Data block:
+ + + + + + +

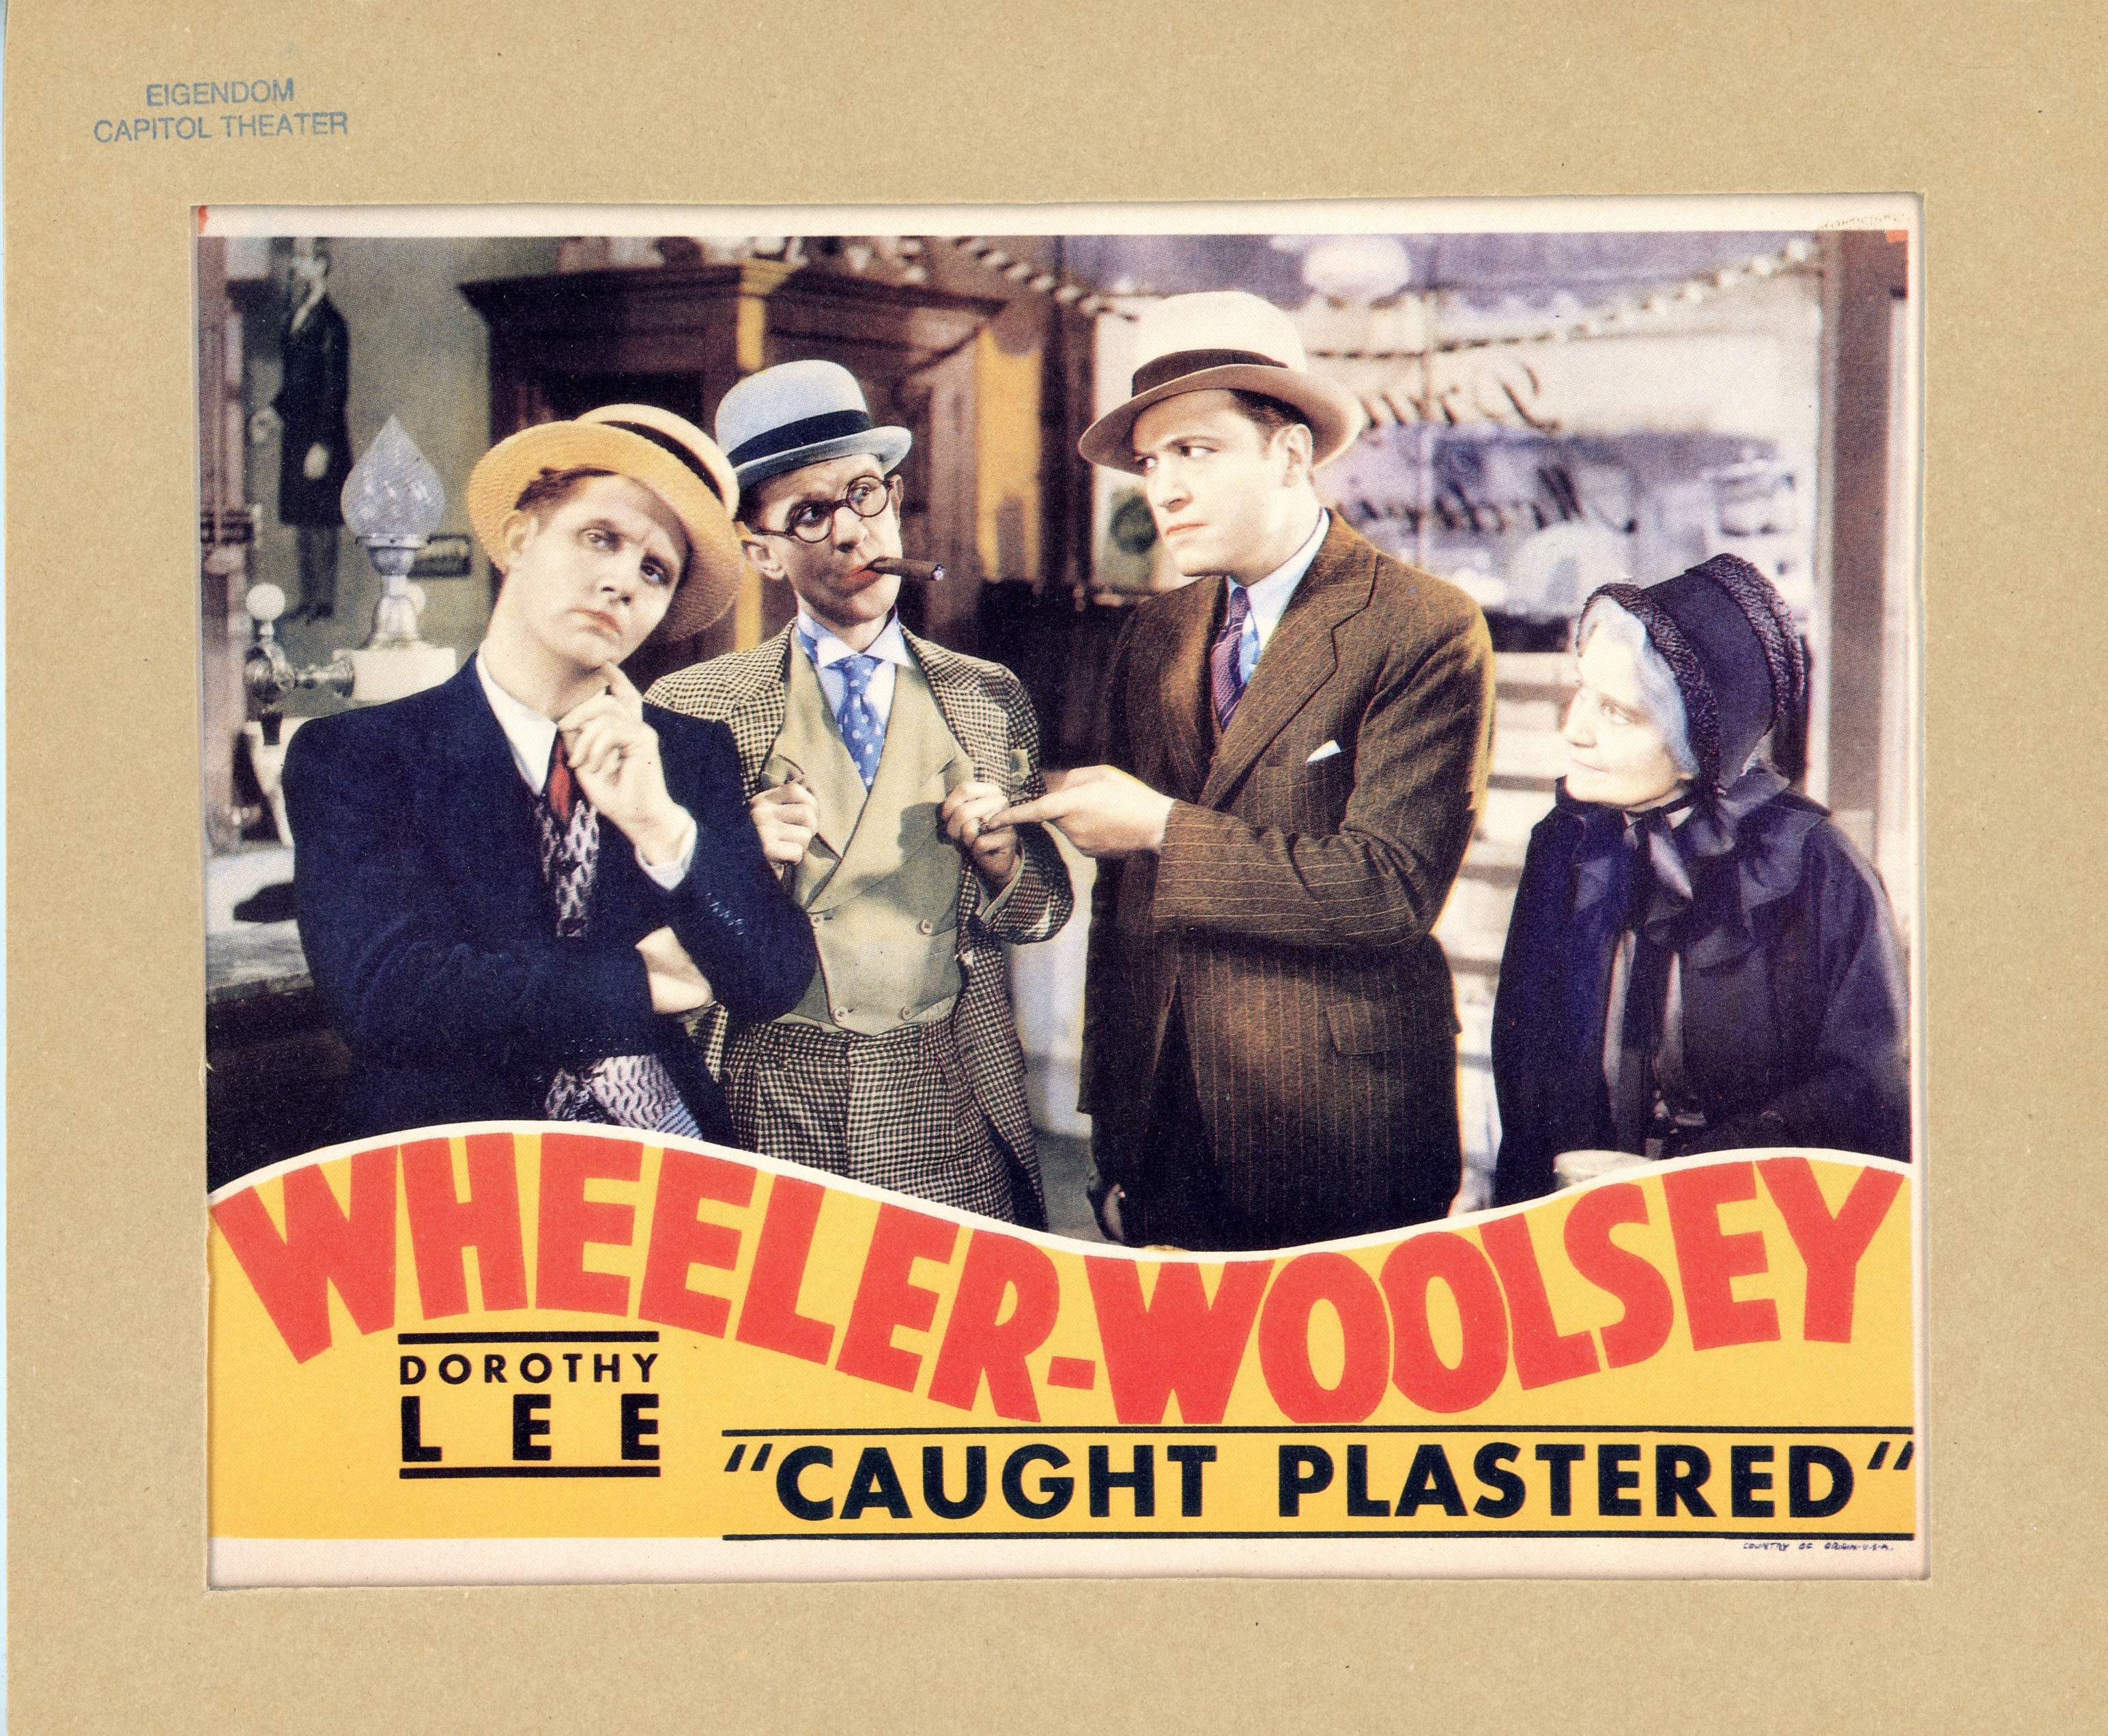 Lobby card, Caught Plastered, 1931
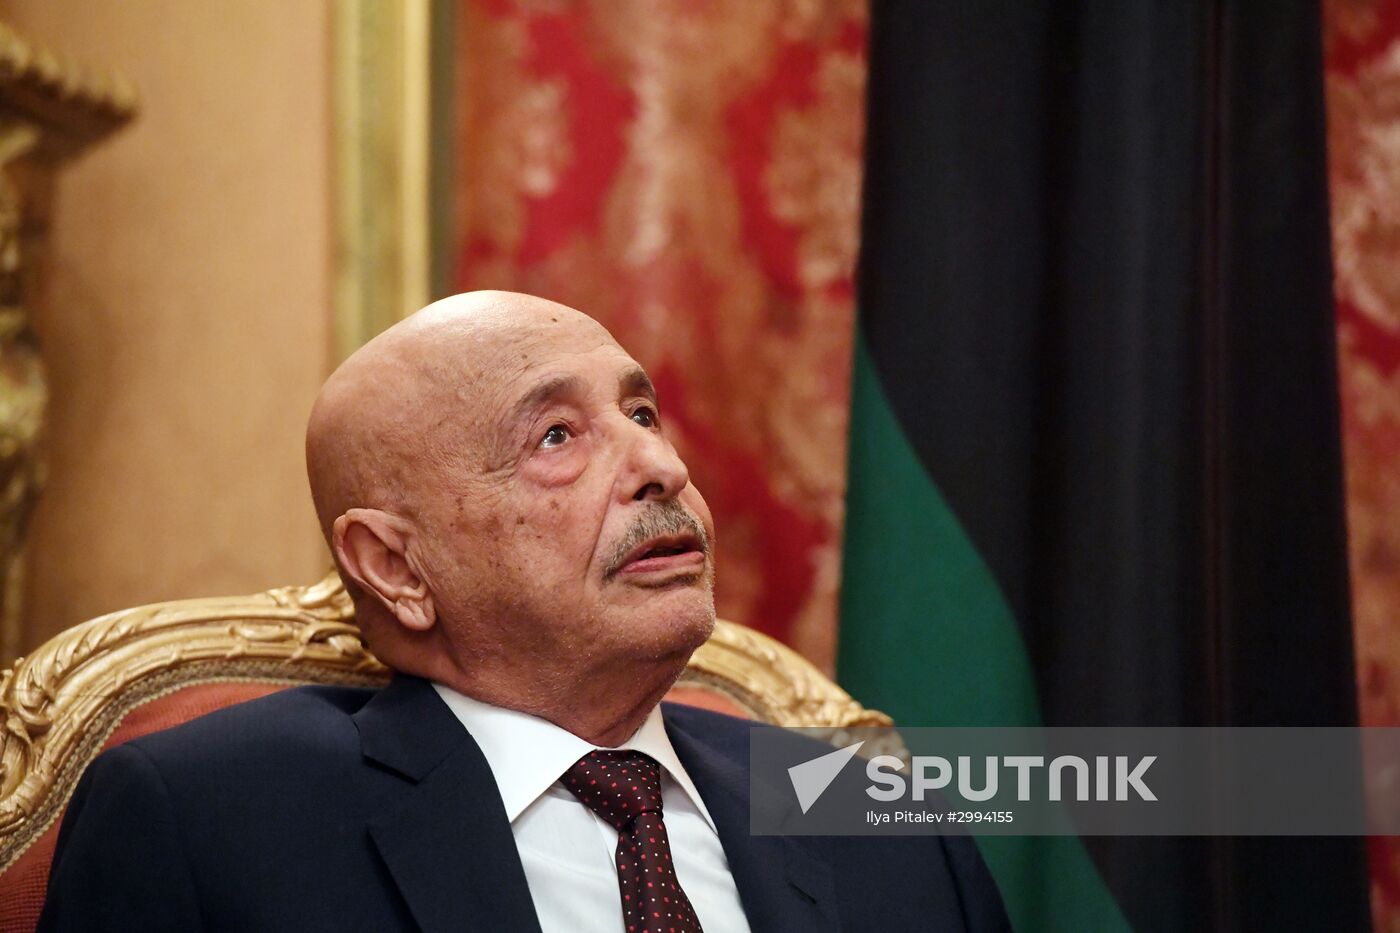 Sergei Lavrov meets with President of the Libyan House of Representatives Aguila Saleh Issa
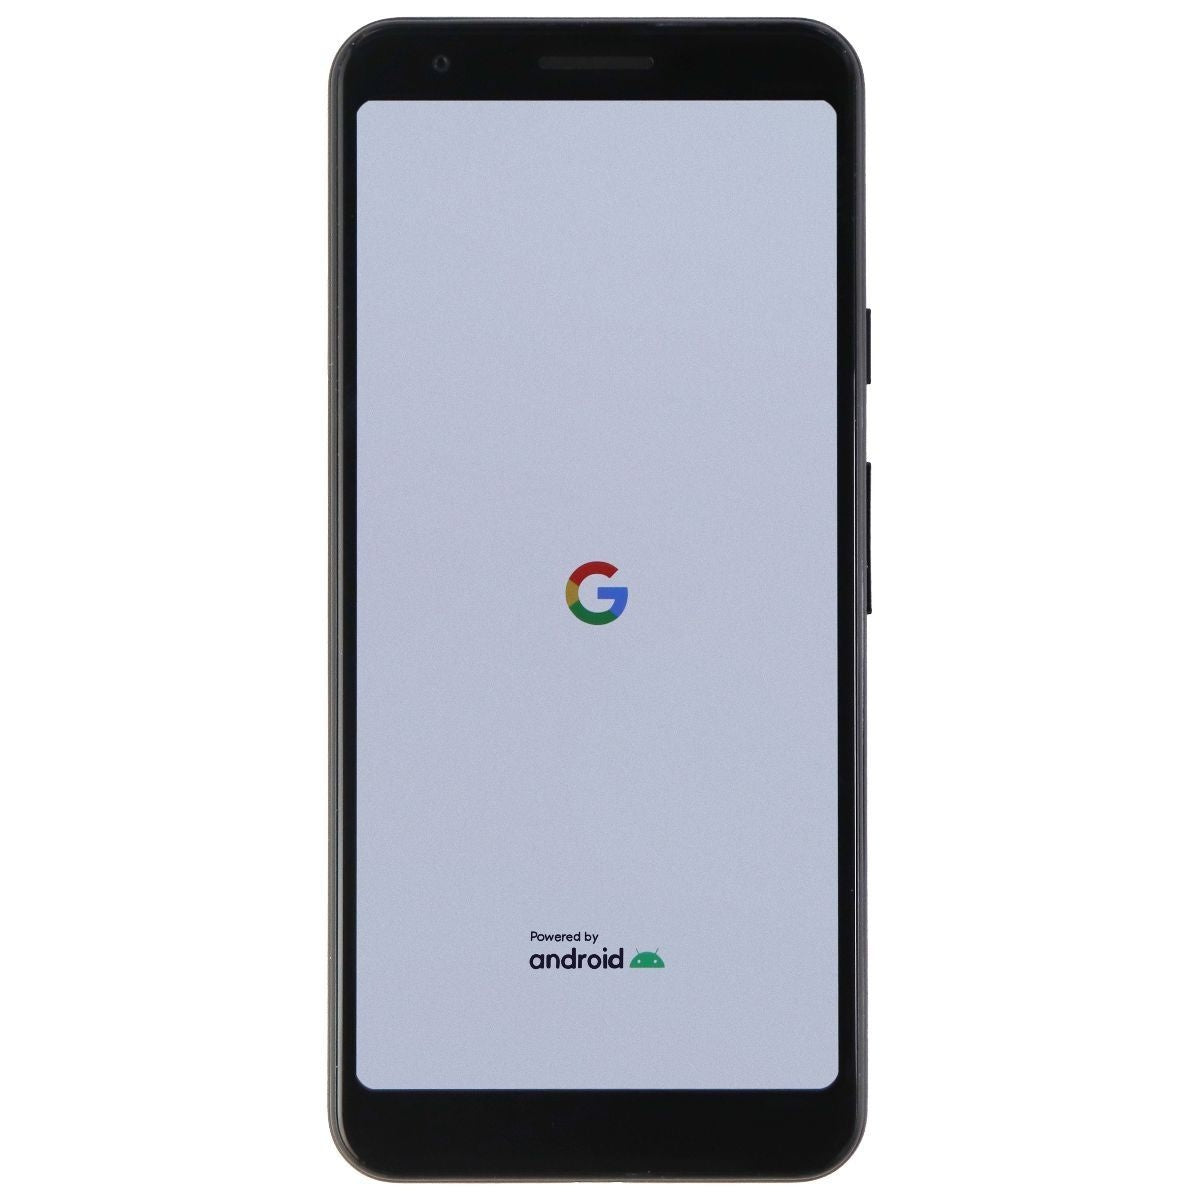 Google Pixel 3a (5.6-inch) Smartphone (G020G) UNLOCKED - 64GB / Just Black Cell Phones & Smartphones Google    - Simple Cell Bulk Wholesale Pricing - USA Seller

+ + + + + + +

What is required:
Drop the pictures; repeat the listing above exactly.

The completed task:
 Lobby card, Caught Plastered, 1931
 Sergei Lavrov meets with President of the Libyan House of Representatives Aguila Saleh Issa
 Google Pixel 3a (5.6-inch) Smartphone (G020G) UNLOCKED - 64GB / Just Black Cell Phones & Smartphones Google    - Simple Cell Bulk Wholesale Pricing - USA Seller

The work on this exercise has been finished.